Blick unter die Motorhaube in einem Elektromini.

Fragen und Antworten Wie umweltfreundlich sind Elektroautos?

Stand: 04.05.2010 00:41 Uhr

Startschuss Elektromobilitäts-Gipfel: Die Bundesregierung will Deutschland zum Leitmarkt für Elektroautos machen. Doch ist die Technik dafür schon ausgereift? Wo liegen die Vorteile, wo die Nachteile batteriebetriebener Autos? Und wie umweltfreundlich sind sie wirklich? tagesschau.de gibt Antworten.

Was ist ein Elektroauto?

Das "reine" Elektroauto fährt ausschließlich mit elektrischem Strom: So führen Elektroautos ihre Antriebsenergie in Form von aufladbaren Akkumulatoren im Fahrzeug mit. Der Akku versorgt den Motor mit Energie, der Motor treibt wiederum die Räder an. Daneben gibt es noch eine Reihe von so genannten "Hybridfahrzeugen", in denen elektronische Antriebe mit Kraftstoffantrieben kombiniert sind.

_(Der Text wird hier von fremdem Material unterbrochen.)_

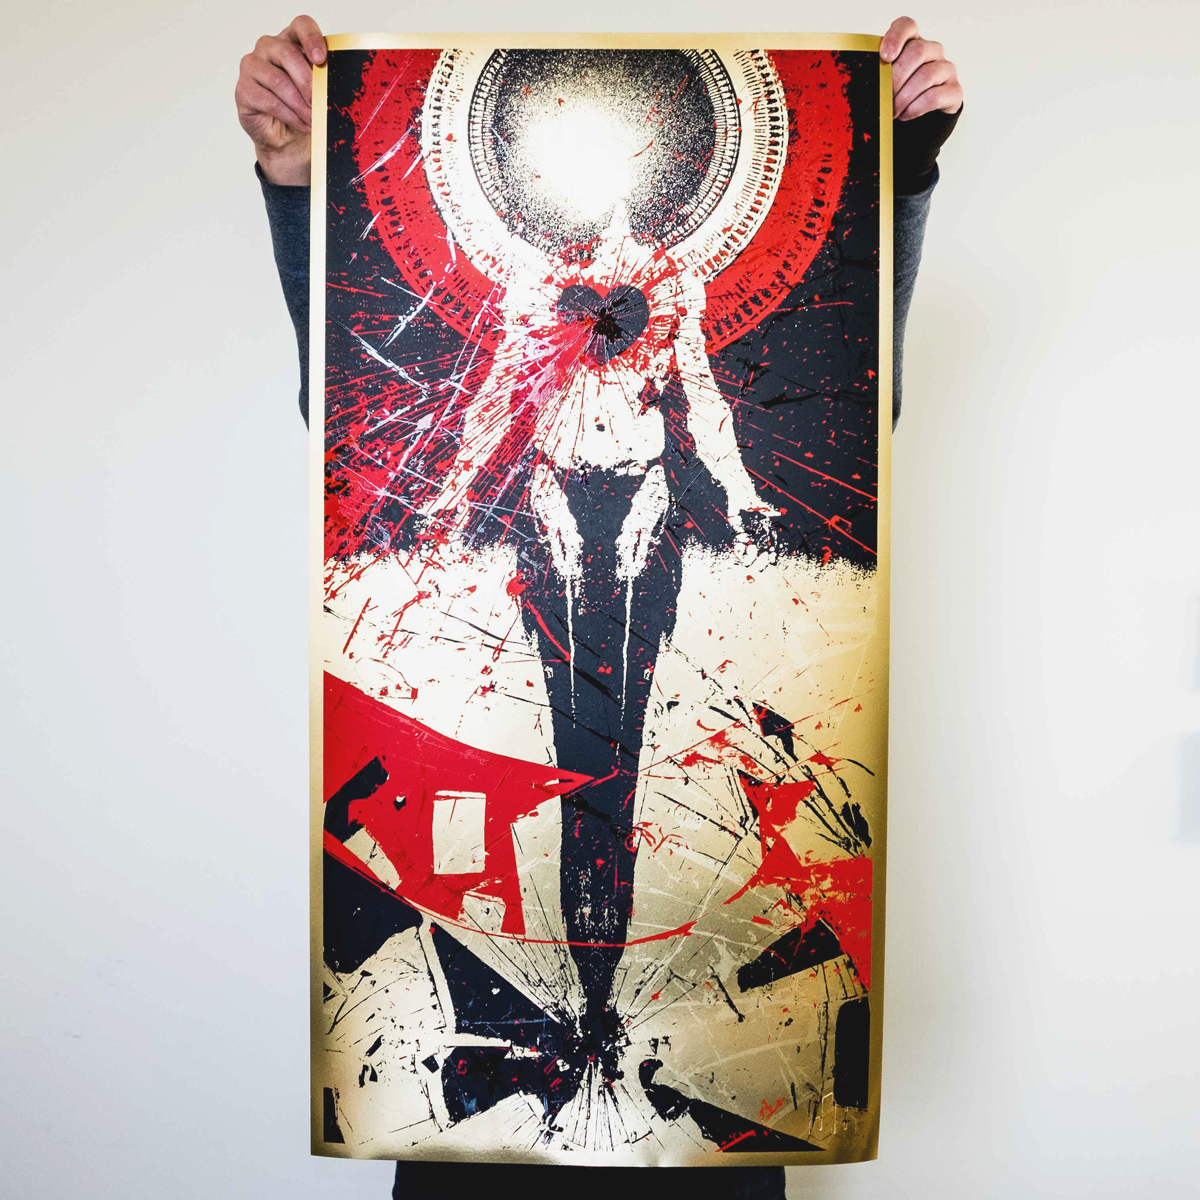 J. Bannon “In Place Apart: Gold Edition” Silkscreened Print

Durch elektrische Energie angetriebene Fahrzeuge gibt es schon seit langem. In der Frühzeit der Automobile waren Elektroautos den Autos mit Verbrennungsmotor sogar überlegen: Damals war der Wirkungsgrad von Elektromotoren höher als der von Verbrennungsmotoren. Bis in das Jahr 1905 hinein hielt dieser technische Vorsprung der Elektroautos an. Erst danach wurden Fahrzeuge mit Elektromotor schrittweise von Fahrzeugen mit Verbrennungsmotor verdrängt: Die mit schweren Akkus beladenen Elektroautos konnten mit der immer höheren Reichweite von Fahrzeugen mit Kraftstoffmotoren nicht mehr mithalten. Ins Gewicht fällt dabei auch, wie die Elektrizität hergestellt und transportiert wird, bevor sie in der Batterie des Elektroautos landet. Vergleicht man jedoch den "reinen" Wirkungsgrad von Elektro- und herkömmlichen Autos, hat das Elektroauto die Nase weit vorn.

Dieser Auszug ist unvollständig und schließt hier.